## [Brief]
Give back every line of the material below exactly, but no images.

## [Input for this task]
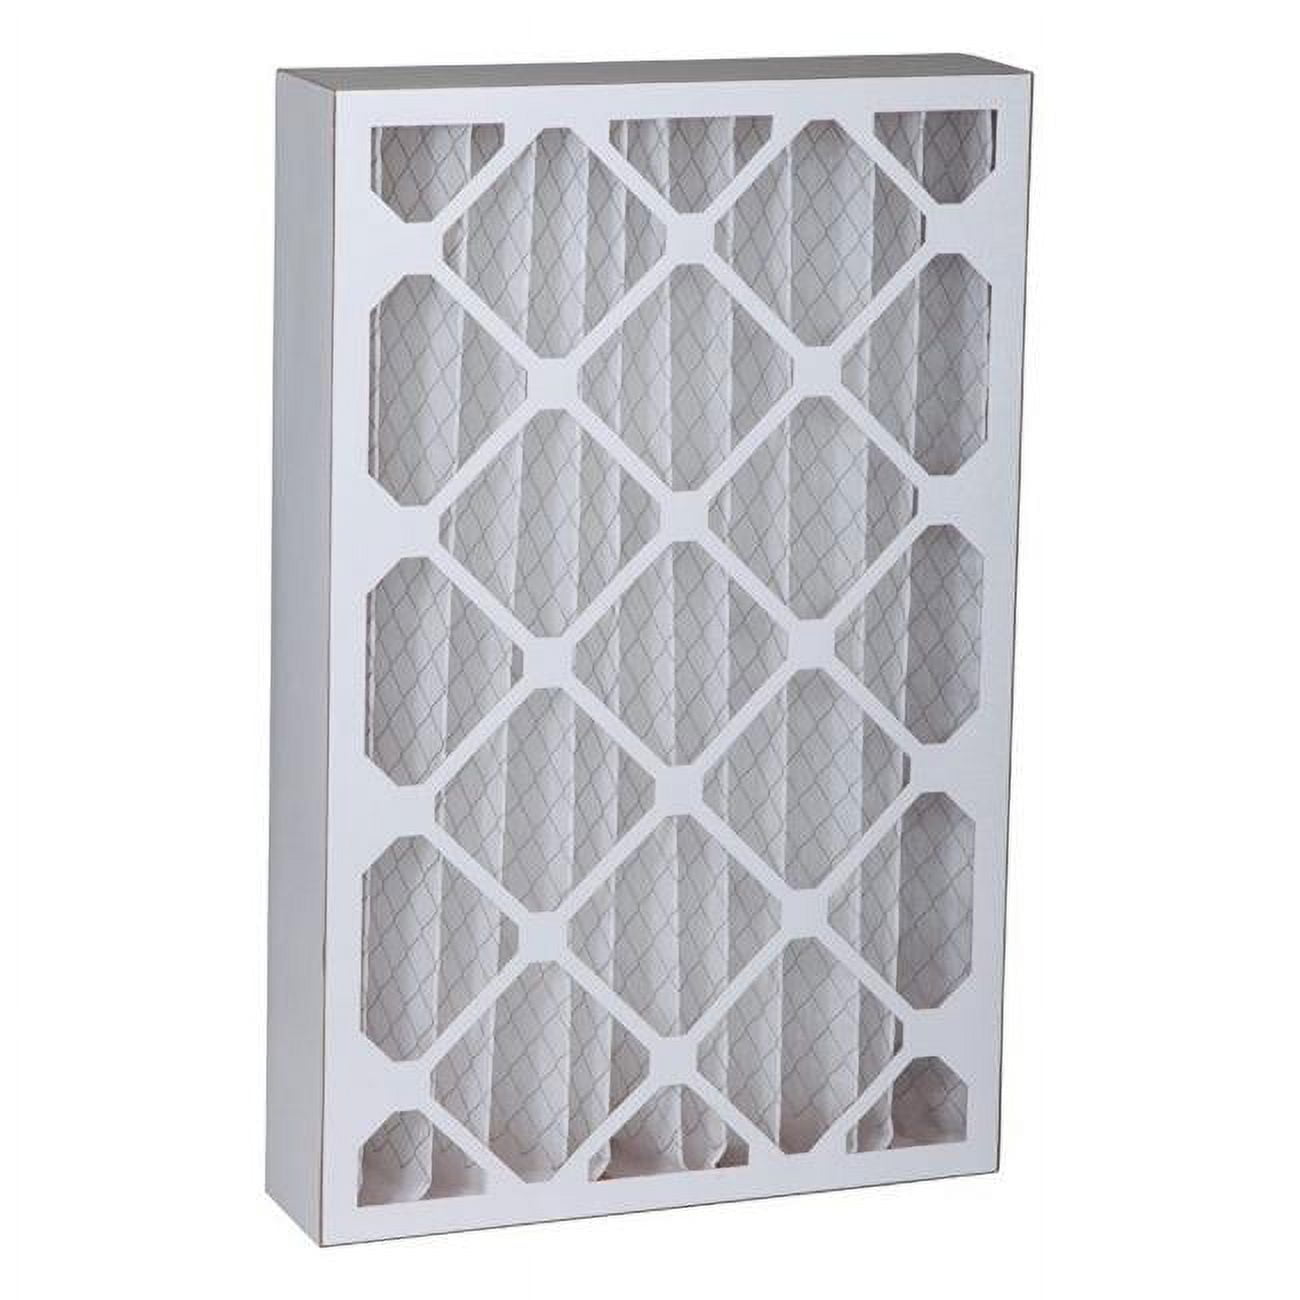 4766069 16 X 25 X 4 In. Pleated Air Filter- Pack Of 3
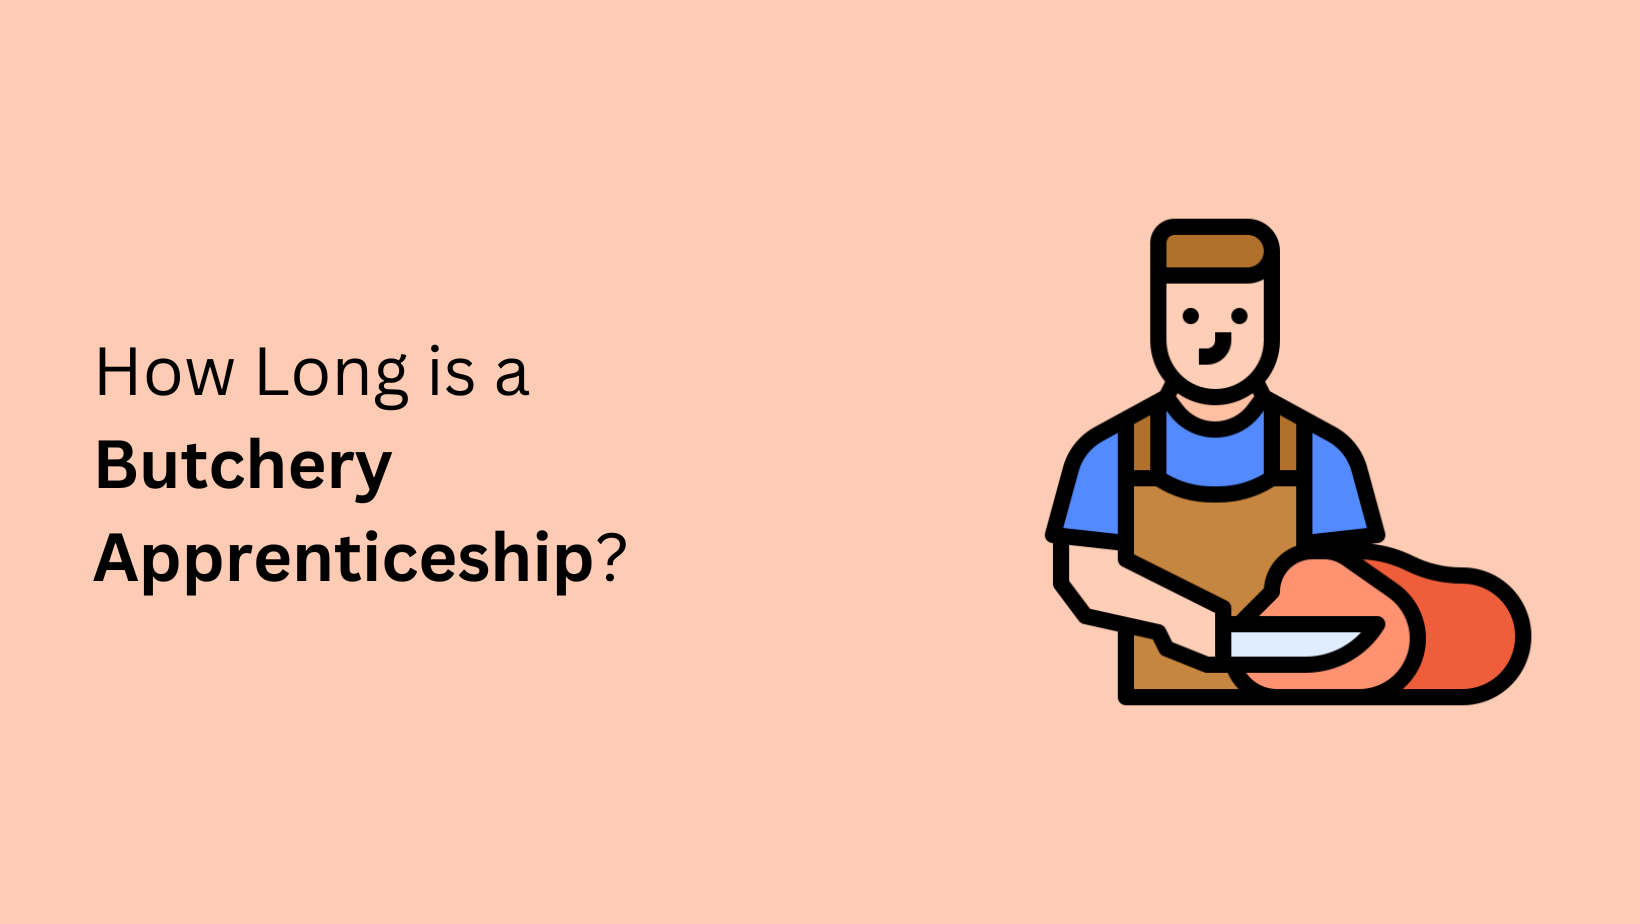 How Long is a Butchery Apprenticeship
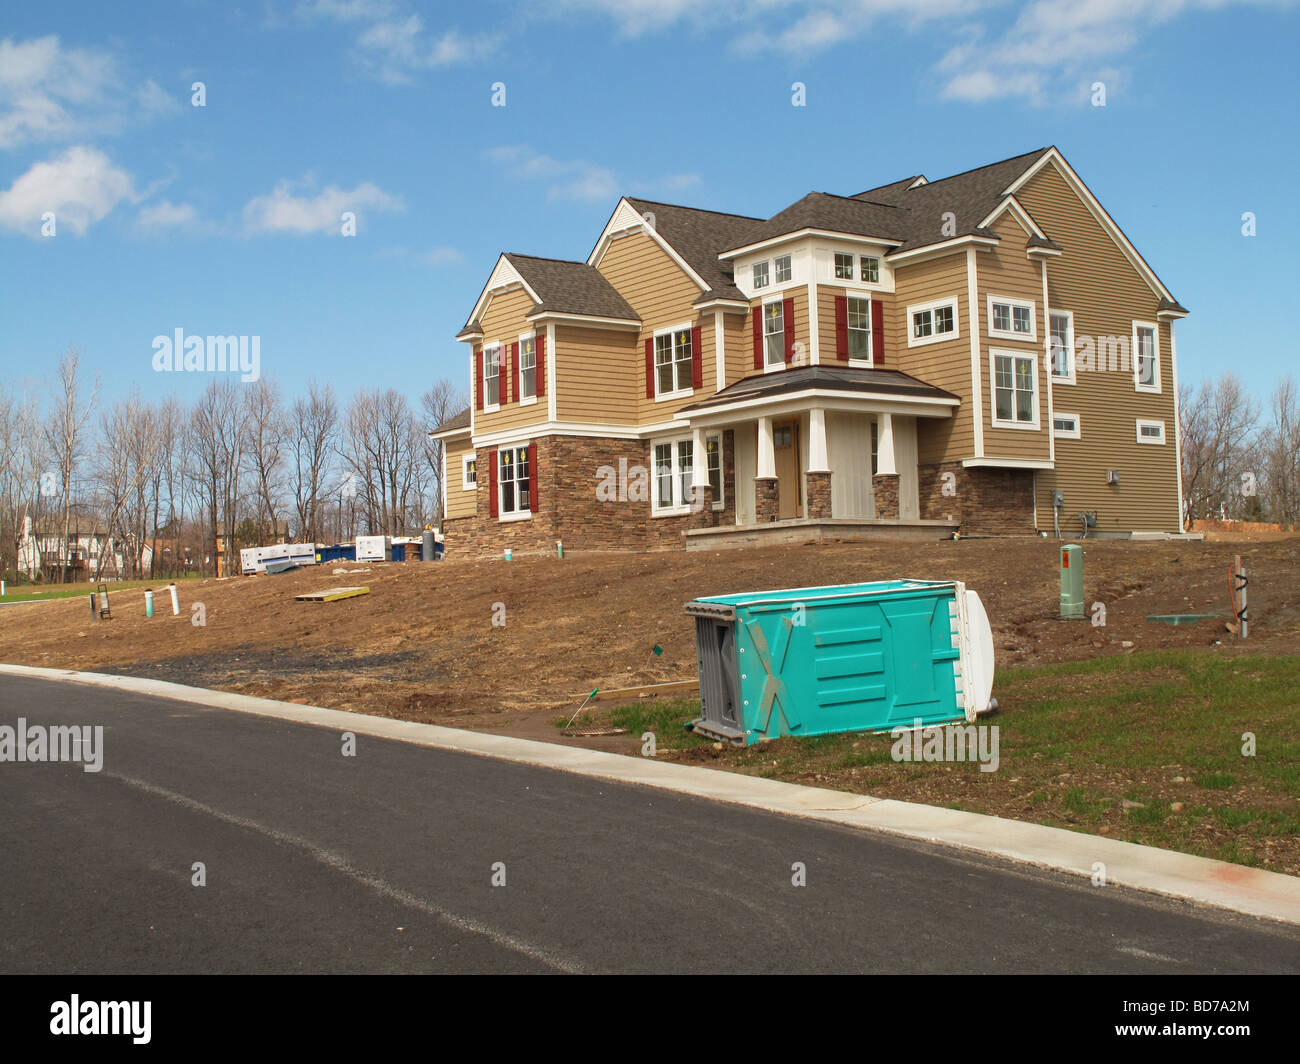 New single family home being built in Fairport, NY USA. Stock Photo
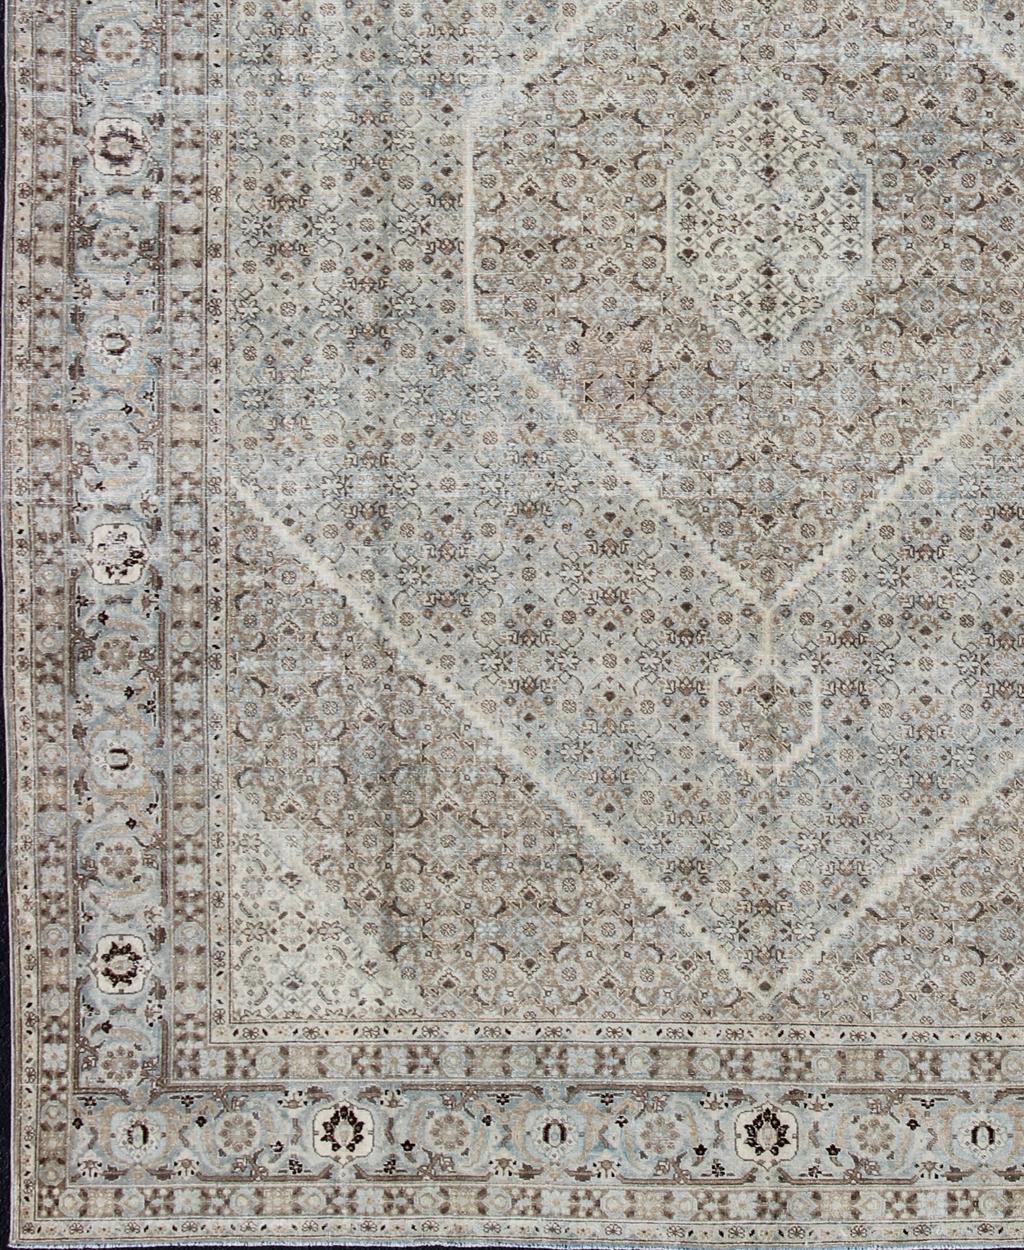 Gray, light blue, taupe, tan and brown geometric Persian Tabriz rug, rug SUS-1908-352, country of origin / type: Iran / Tabriz, circa 1920

This antique Tabriz carpet from 1920s Persia features a field filled with small-scale geometric motifs

## [Exercise result]
 4766069 16 X 25 X 4 In. Pleated Air Filter- Pack Of 3
 How Long is a Butchery Apprenticeship
 New single family home being built in Fairport, NY USA. Stock Photo
 Gray, light blue, taupe, tan and brown geometric Persian Tabriz rug, rug SUS-1908-352, country of origin / type: Iran / Tabriz, circa 1920

This antique Tabriz carpet from 1920s Persia features a field filled with small-scale geometric motifs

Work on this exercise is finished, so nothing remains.